The World of Warcraft client is a powerful application that provides gamers with an immersive role-playing environment. Blizzard has created an architecture that provides immense entertainment value to the end user while simultaneously supporting millions of players. Blizzard's World of Warcraft universe is built for size and speed, and it shows no signs of stopping.

The efficiency of World of Warcraft over the network is remarkable. The bandwidth used by World of Warcraft is so slight that it can be enjoyed by nearly anyone, regardless of their connection to the Internet. With servers around the world, Blizzard has created a service that gamers anywhere can enjoy.

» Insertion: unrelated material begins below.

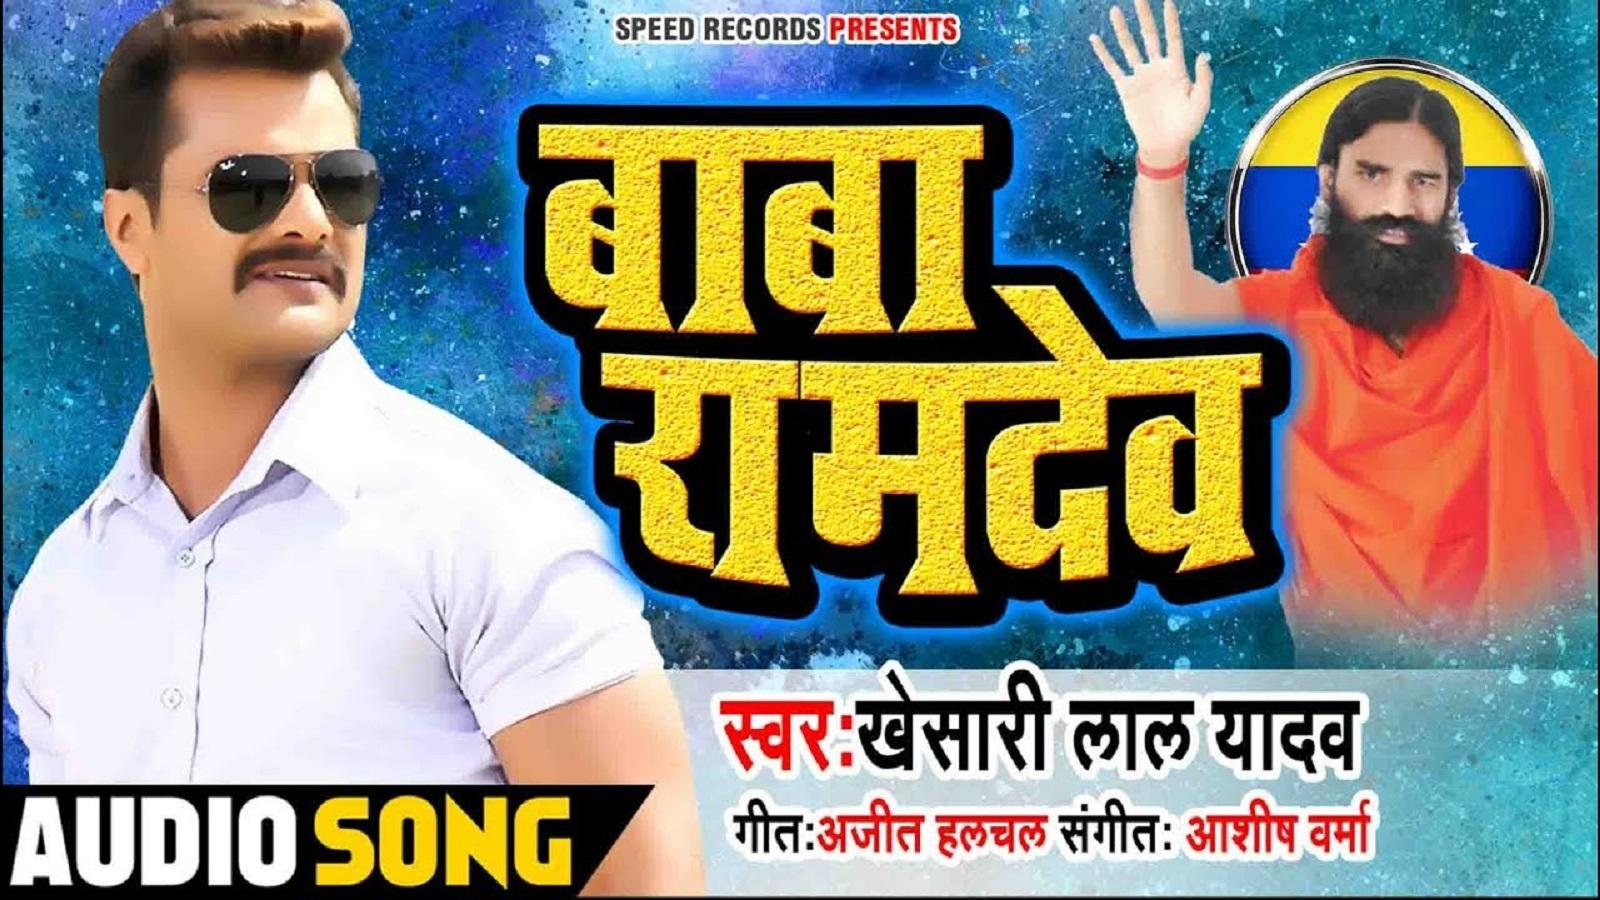 Khesari Lal Yadav Ka Naya Bhojpuri Gana MP3 Song Download: Latest Bhojpuri  song 'Baba Ramdev' sung by Khesari Lal Yadav
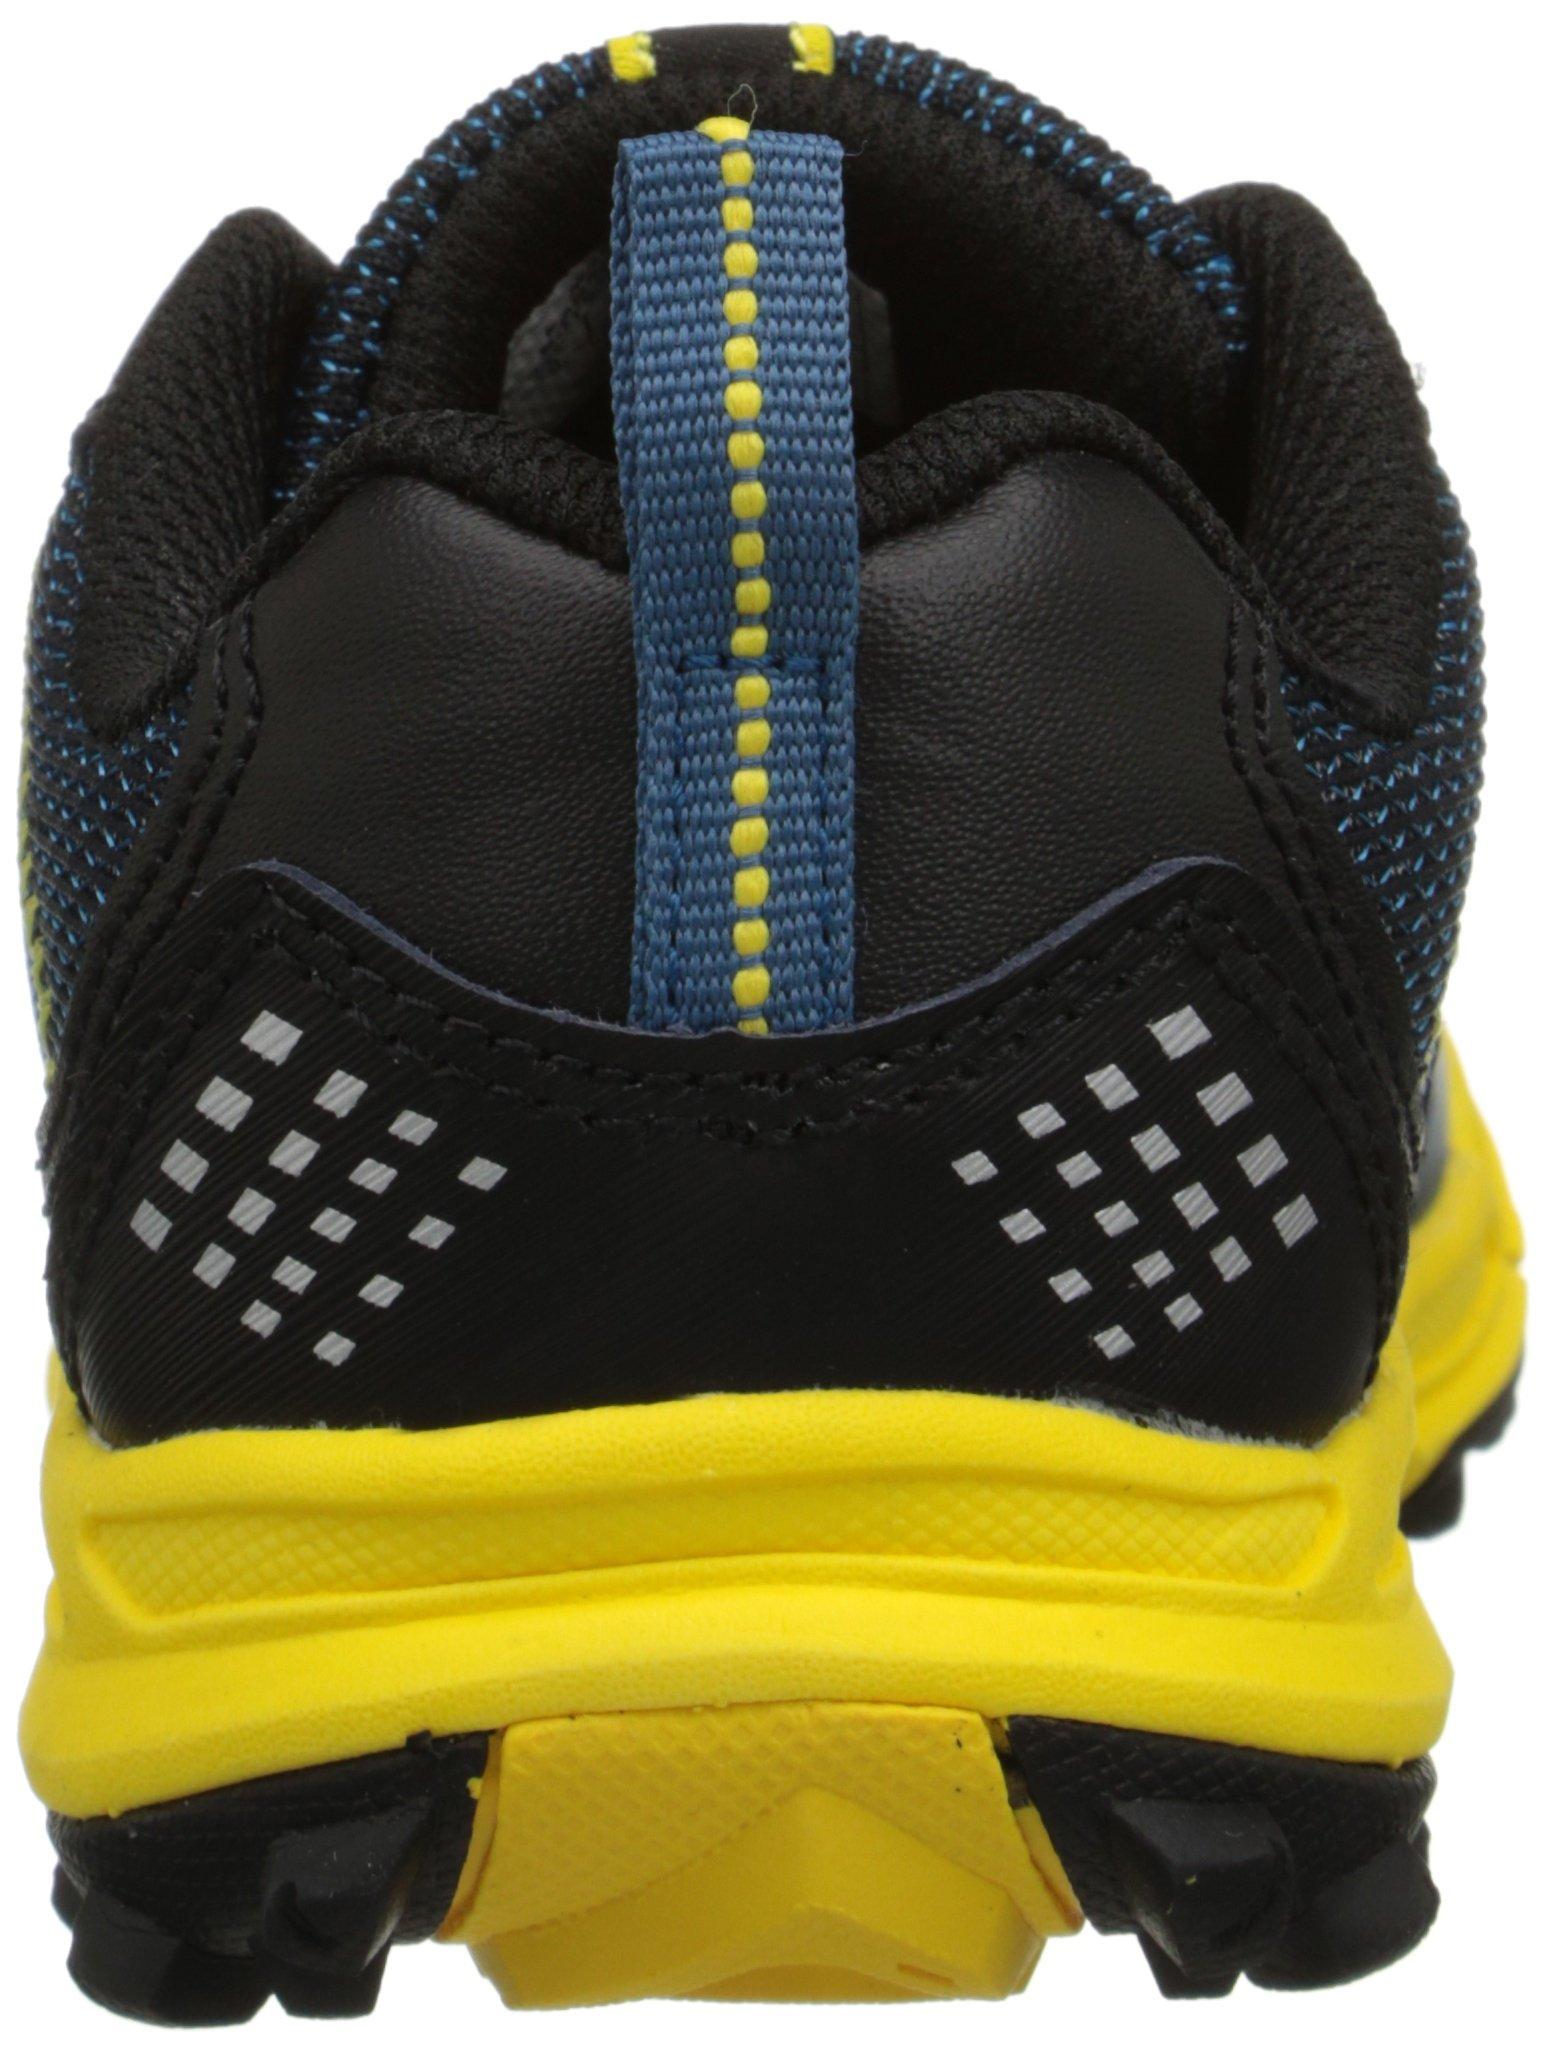 Teva Escapade Lo Athletic Trail Shoe (Little Kid/Big Kid), Blue/Yellow, 11 M US Little Kid by Teva (Image #2)

Although the performance of World of Warcraft is elegant, it's a concern from a security standpoint. The proprietary nature of the World of Warcraft gaming client provides a certain level of protection because the details of the front-end are private and not well known. This doesn't ensure complete protection, but it does mean that exploits that directly attack the World of Warcraft client won't be as common as attacks to other more-open applications such as browsers or email clients. However, security professionals know that security through obscurity isn't really security.

It's the World of Warcraft software's proprietary nature that also includes a bit of insecurity. In an effort to keep the gaming environment fair for everyone, Blizzard has required that every World of Warcraft player agree that information "without limitation" can be transferred from their computer back to Blizzard's servers. There's absolutely no evidence of Blizzard ever gathering anything personal or private from end users. Indeed, it would be difficult to believe that Blizzard would put their extremely successful gaming business at risk by transferring information they shouldn't.

However, the security professional has to be concerned that Blizzard could not only transfer this information without limitation, but that the end user has agreed to this activity. If an organization's activities require an undeniable level of security, the World of Warcraft client would be an inappropriate piece of software. A security professional at a hospital, financial organization, or government entity would certainly want to be sure their end users were keeping their online gaming confined to their home computers.